Von Jeffrey Campbells und Obdachlosen

Jeffrey Campbell Litas via Zalando // deco cages - IKEA
Nach einem langem harten Tag in der Arbeit noch Erledigungen zu machen, wenn um fünf Uhr abends schon die Nacht anbricht und ein unangenehmer Nieselregen alle Menschen die Schirme aufspannen lässt… Darüber könnte man sich fast aufregen, aber ich war unterwegs diese hübschen Schuhe für Eden bei der Post abzuholen. Also stieg ich vorfreudig in die Straßenbahn (landläufig Bim) mit meiner Jahreskarte in der Tasche und ergattere sogar noch einen Platz.

Mir gegenüber sitzt ein Herr im mittleren Alter, seine Kleidung wirkt abgetragen und zu kalt für dieses Wetter. Er wirkt nicht unbedingt ungepflegt, aber auch nicht annähernd frisch gewaschen, also tippe ich auf obdachlos. Rechts von mir sitzt eine ältere Dame, die denselben Eindruck macht.

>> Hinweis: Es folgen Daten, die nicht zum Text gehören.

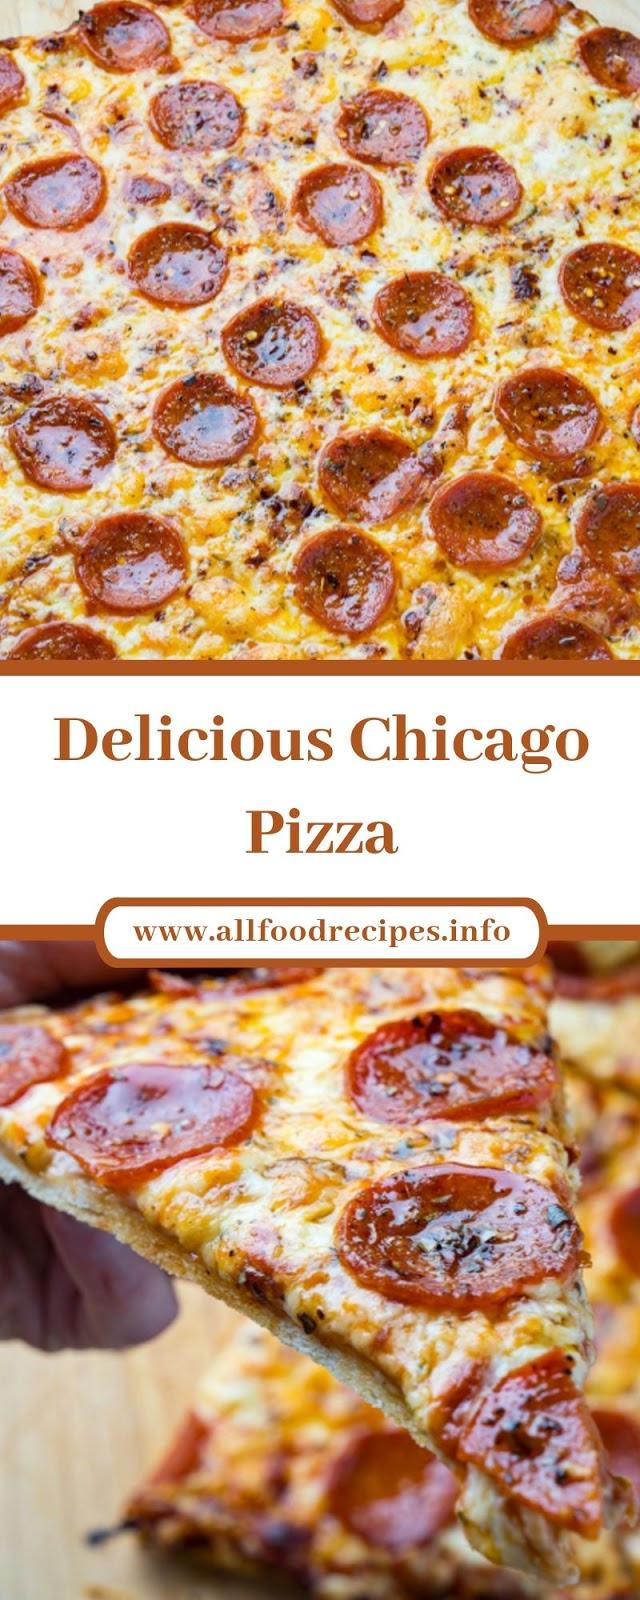 Delicious Chicago Pizza

Plötzlich bekomme ich ein schlechtes Gewissen – gerade noch wollte ich mich über meinen ach-so-anstrengenden Tag und darüber beschweren, dass ich 180-Euro-Schuhe holen muss. Mit leerem Blick starre ich in den dunklen Nieselregenabend hinaus.

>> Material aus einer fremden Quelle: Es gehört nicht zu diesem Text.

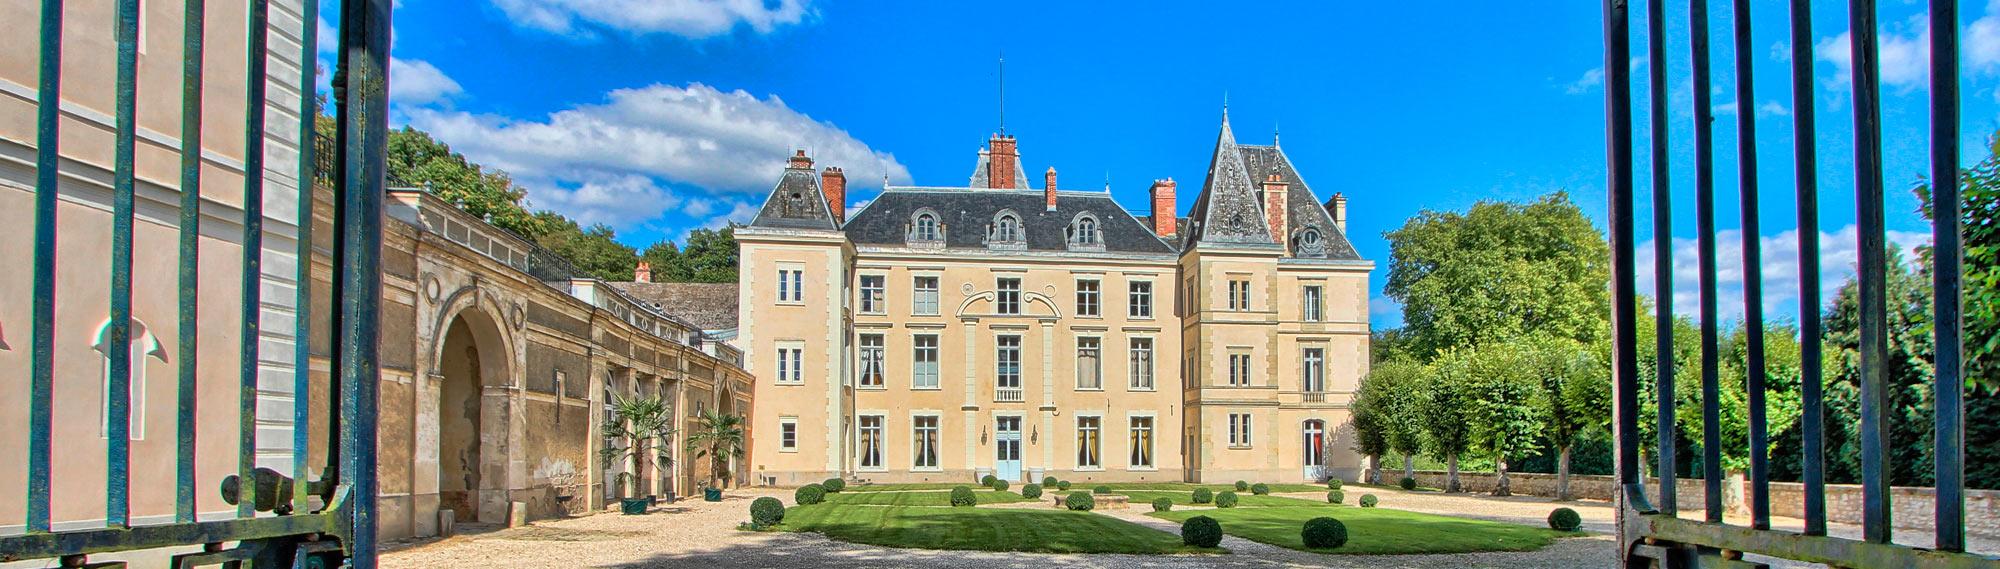 Le ch teau le ch teau de villiers - Chateau de villiers le bacle ...

Diese Situation hat mich wirklich zum Nachdenken gebracht. Wir neigen so sehr dazu, uns über jede Kleinigkeit zu beschweren, die uns gerade jetzt nicht passt, dass uns die größeren Probleme, die „allgemeinen“ unserer Gesellschaft nicht auffallen. Solange es uns nicht selbst betrifft, oder?

Eben nicht. Es sollte nicht egal sein, dass es Menschen bei uns gibt, in einem der reichsten Länder (Wirtschaftskrise hin oder her) der Welt, die im Regen auf der Straße sitzen und auf die Barmherzigkeit und Großzügigkeit der egoistischen und geldgeilen Menschen, die achtlos an ihnen vorbeilaufen hoffen müssen. Und es darf nicht wahr sein, dass irgendjemand da draußen sich darüber beschwert, Schuhe für 180 Euro abholen zu müssen.

Fazit dieser zehn Minuten in der Straßenbahn: ich bin so froh, dass ich eine Arbeit habe, die es mir ermöglicht, so teure Sachen zu kaufen. Und ich bin froh, dass ich genau dieses Leben führen kann, das wir führen.

2 Kommentare:

  1. Very nice story. But were you successful in picking up the shoes?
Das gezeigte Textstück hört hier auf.